2010, Vol. 53, No. 3, 451–476.
FAILING TO LEARN? THE EFFECTS OF FAILURE AND
SUCCESS ON ORGANIZATIONAL LEARNING IN THE GLOBAL
ORBITAL LAUNCH VEHICLE INDUSTRY
PETER M. MADSEN
Brigham Young University
VINIT DESAI
University of Colorado, Denver
It is unclear whether the common finding of improved organizational performance with increasing organizational experience is driven by learning from success, learning from failure, or some combination of the two. We disaggregate these types of experience and address their relative (and interactive) effects on organizational performance in the orbital launch vehicle industry. We find that organizations learn more effectively from failures than successes, that knowledge from failure depreciates more slowly than knowledge from success, and that prior stocks of experience and the magnitude of failure influence how effectively organizations can learn from various forms of experience.
On the morning of January 16, 2003, the Columbia lifted off from John F. Kennedy Space Center in the National Aeronautics and Space Administration’s (NASA’s) 113th space shuttle launch.
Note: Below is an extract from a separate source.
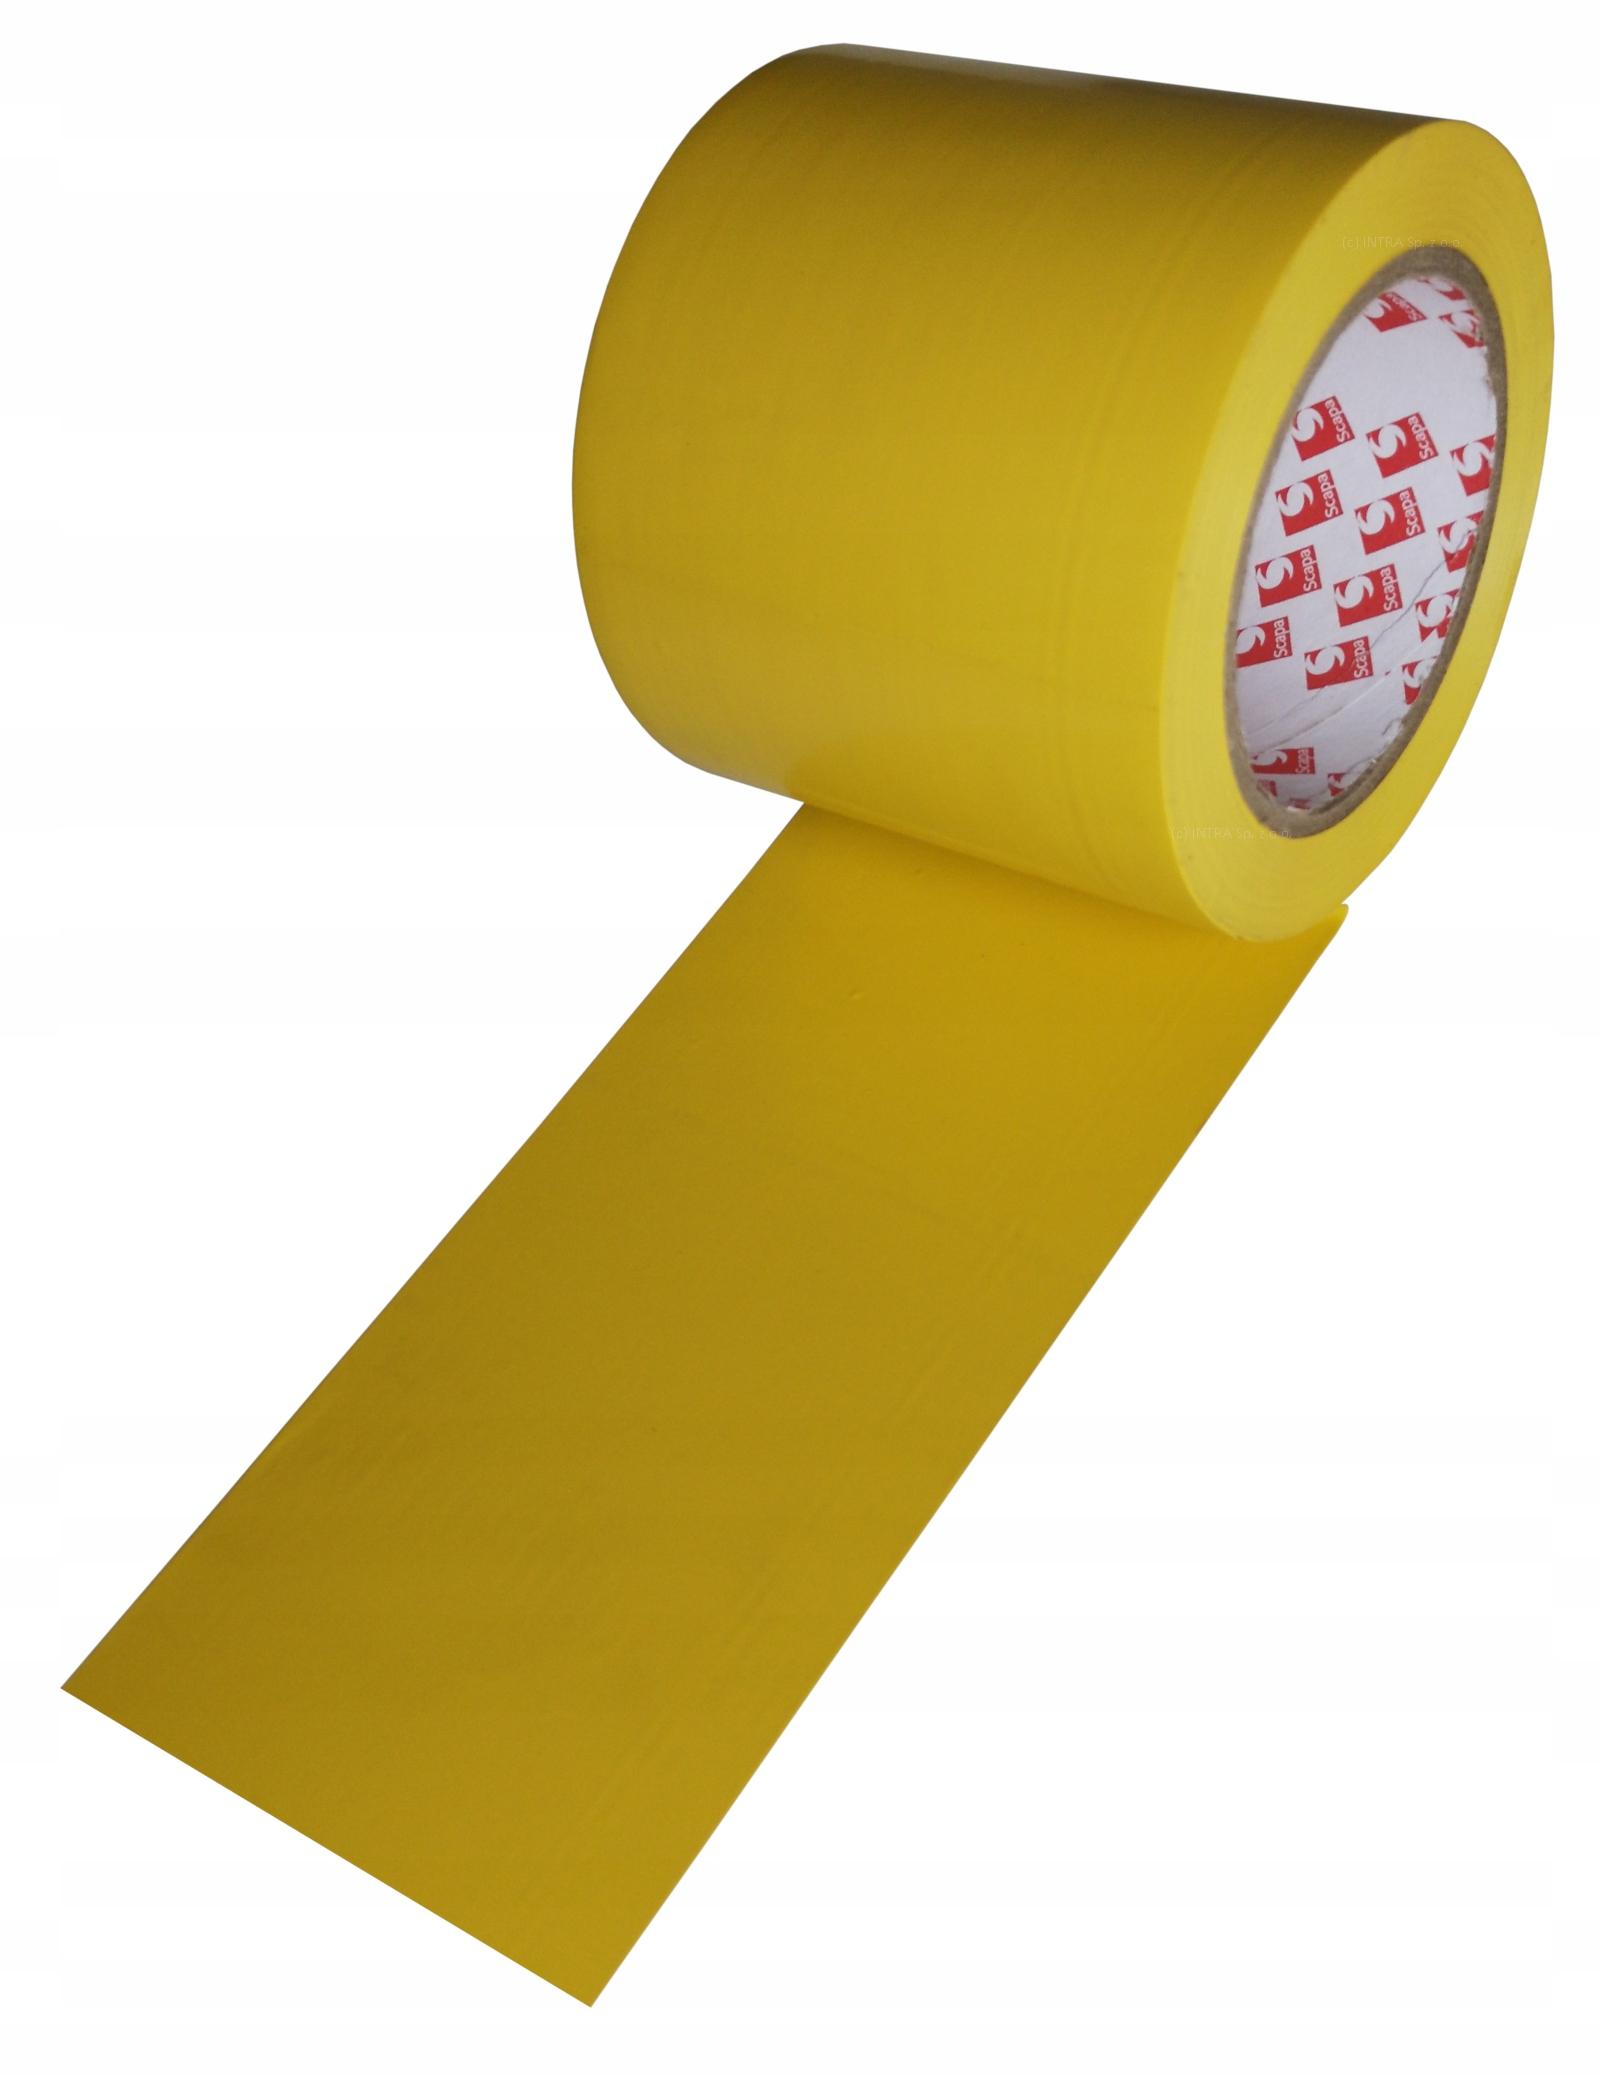 Лента маркировочная Scapa type 2721 100мм / 33м желтая

Eightytwo seconds into the launch, a piece of foam insulation broke free from the left bipod ramp area of the shuttle’s external fuel tank and struck the leading edge of Columbia’s left wing. As the orbiter reentered earth’s atmosphere at the conclusion of its 16-day mission, damage sustained from the foam’s impact compromised the orbiter’s thermal protection system, leading to the failure of the left wing and to the eventual disintegration of the orbiter. None of Columbia’s crew of seven survived.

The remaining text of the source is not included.